We asked companies how SSPAs were progressing against the TWTs, which have been the mainstay of the high power industry for years. Many companies see the SSPAs going higher in power and becoming a more reliable solution eating away the market share of TWTs for low to medium power applications. Some see the newer GaN-based SSPAs growing while others see them as an unfulfilled promise. Microsemi commented that GaN is gaining traction to further extend the power range of SSPAs, and combined with more efficient spatial and waveguide power combining techniques, they are forcing TWT suppliers to share more of the market. The new spatial combining techniques also offer a “graceful” failure mechanism. If one or two devices in the combiner fail, the component still operates (at reduced power level), giving the system greater reliability but just not at the initial power level. GaN does require much higher voltages than previously used GaAs devices for these applications so associated regulation circuitry has to change and thermal handling is more of an issue. This can be more critical in space applications where it is difficult to remove the heat. Micronetics on the other hand said they have seen little effect from GaN on the high performance SatCom systems because of poor linearity, but are planning on reviewing higher frequency GaN devices in the near future for possible use in systems.
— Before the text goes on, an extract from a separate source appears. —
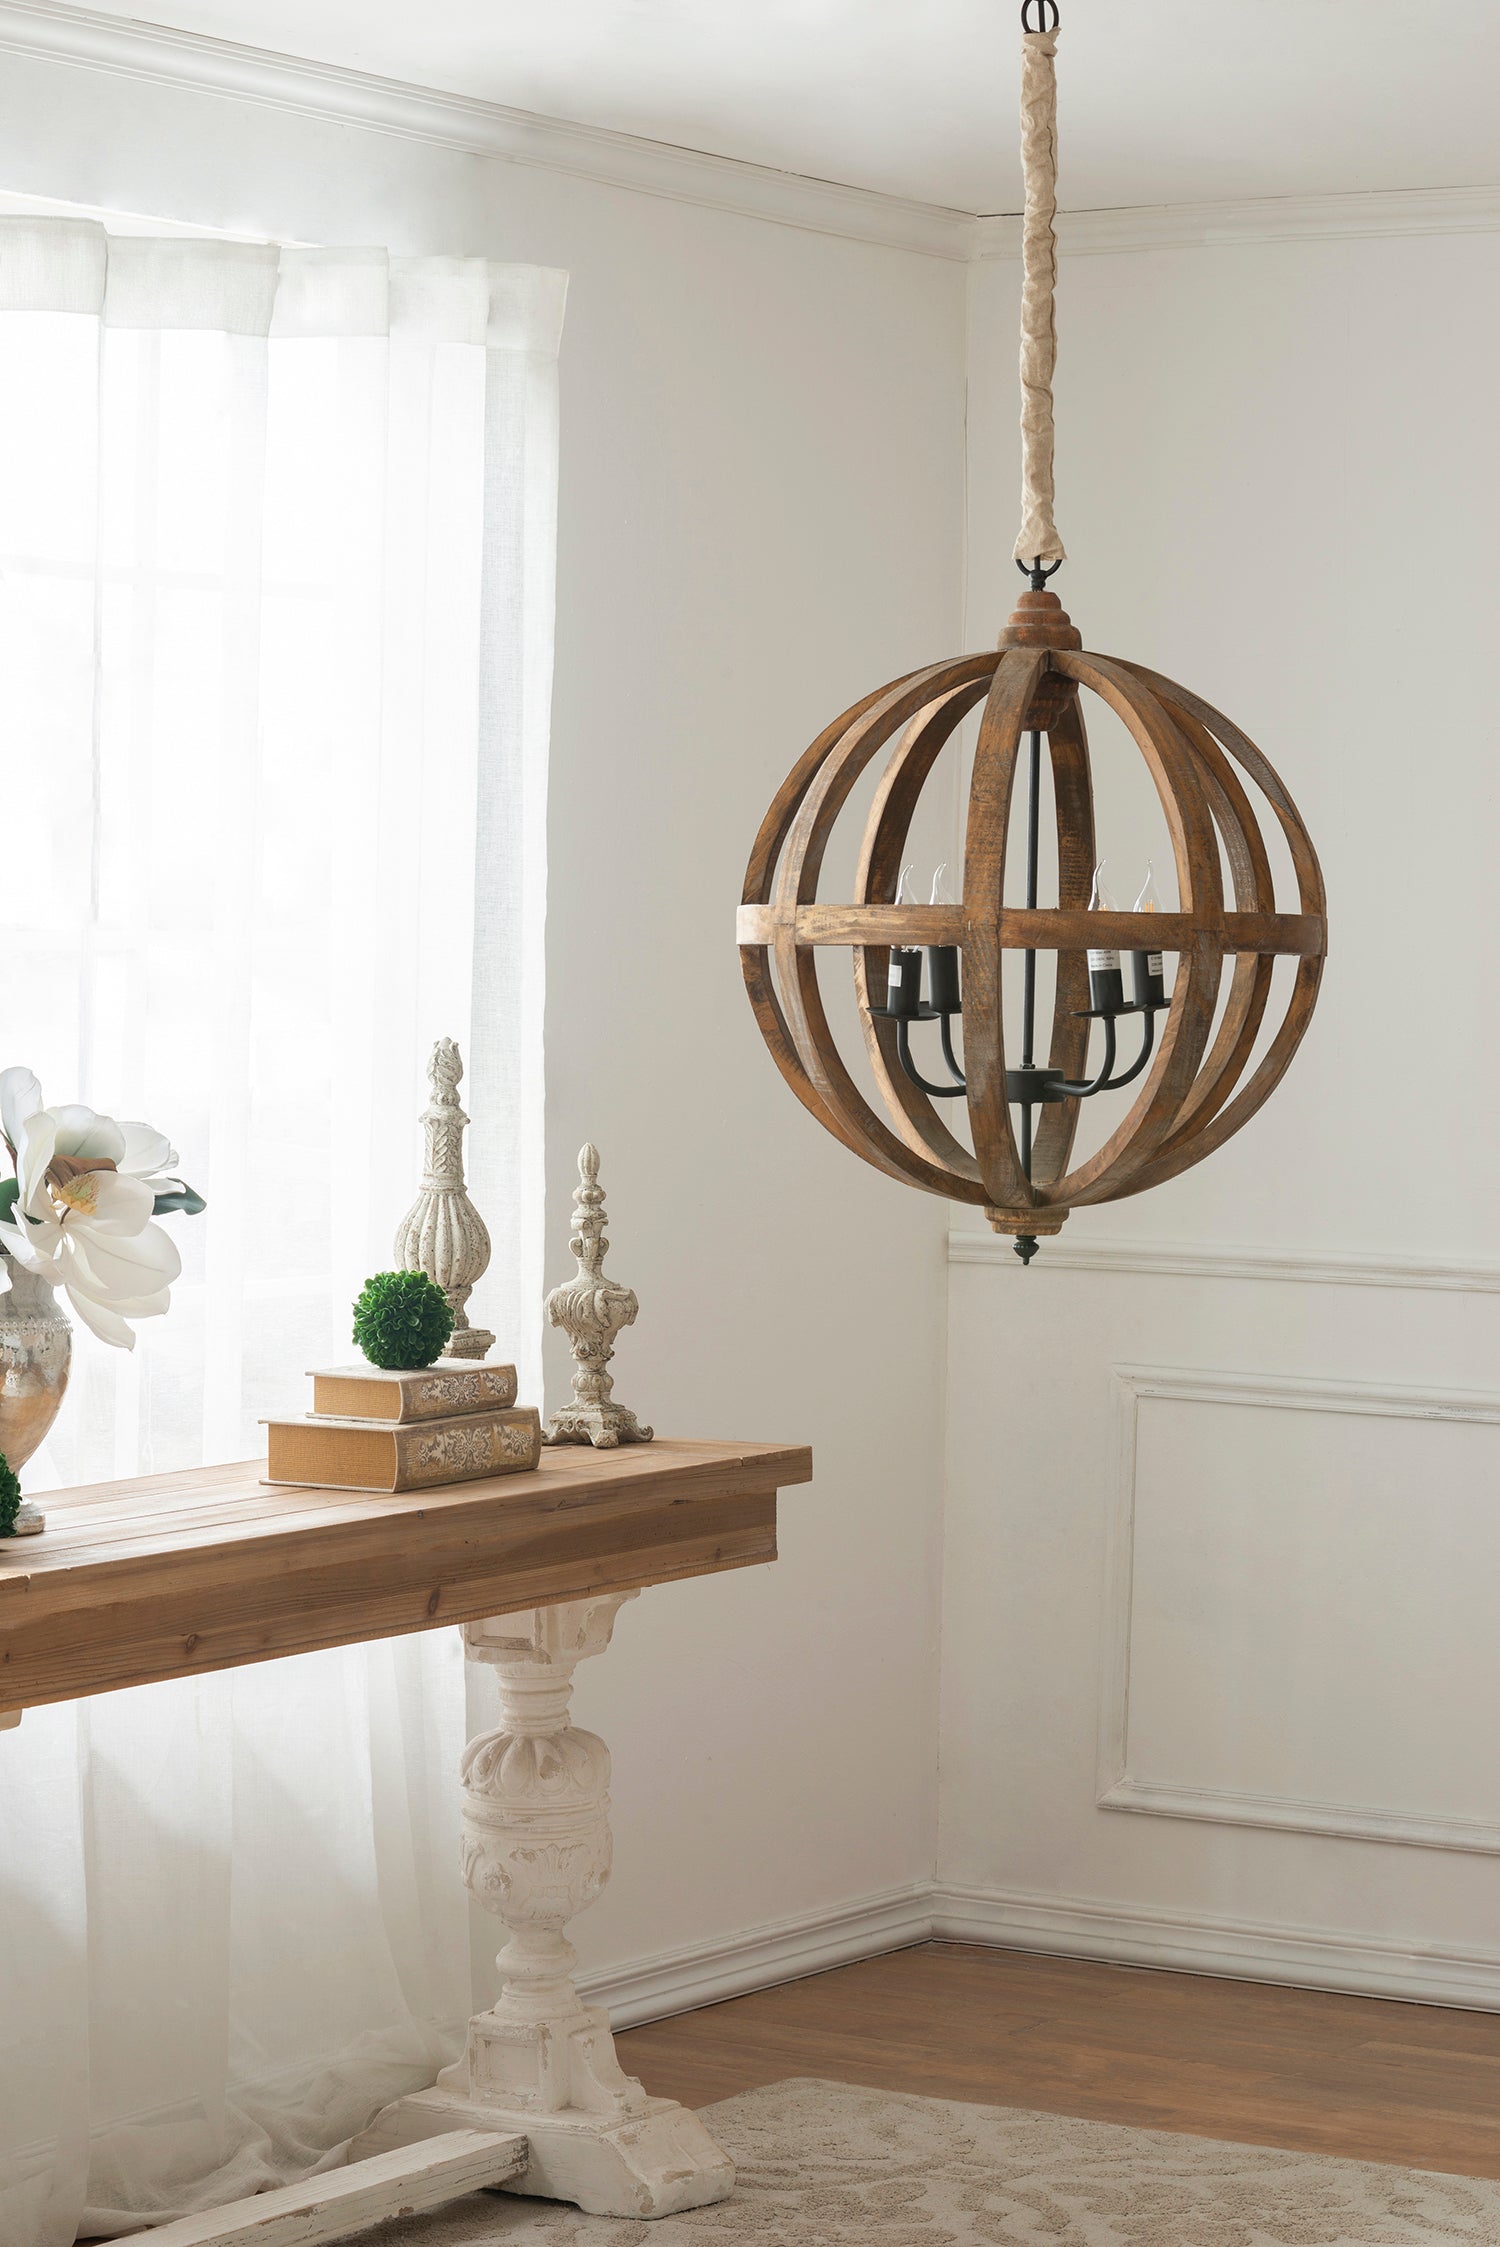 4 Light Wood Chandelier, Hanging Light Fixture with brown-wood

However, Miteq points out that there has been an emotional response to some decisions between SSPAs and TWTs. TWTs are still lighter in weight, more cost effective and have higher efficiency than SSPAs. They went on to say that with continuous and incremental improvements, TWTs have been proven over and over again that they are a viable alternative to solid state; in some cases a better alternative. With the advances in particle physics and material sciences, the TWT will continue to be a state-of-the-art technology in the high power, high frequency RF amplification market. In actuality, there has been a resurgence in lower frequencies due to the re-understanding that both technologies are viable depending on the application. Graham Gooday, e2v’s General Manager of Defence, commented, “Watt for watt, lower efficiency solid-state amplifiers are still broadly much larger and heavier than TWT amplifiers. Looking at it the other way, in power or size limited situations a TWT amplifier will still give you more signal power for the available space or power supply, with less waste heat to remove. That’s not a complacent position. Solid-state amplifiers can satisfy lower power, lower frequency requirements, but with programmes to improve the ruggedness, efficiency and operational life of TWT amplifiers we believe that we maintain a positive performance differentiation.”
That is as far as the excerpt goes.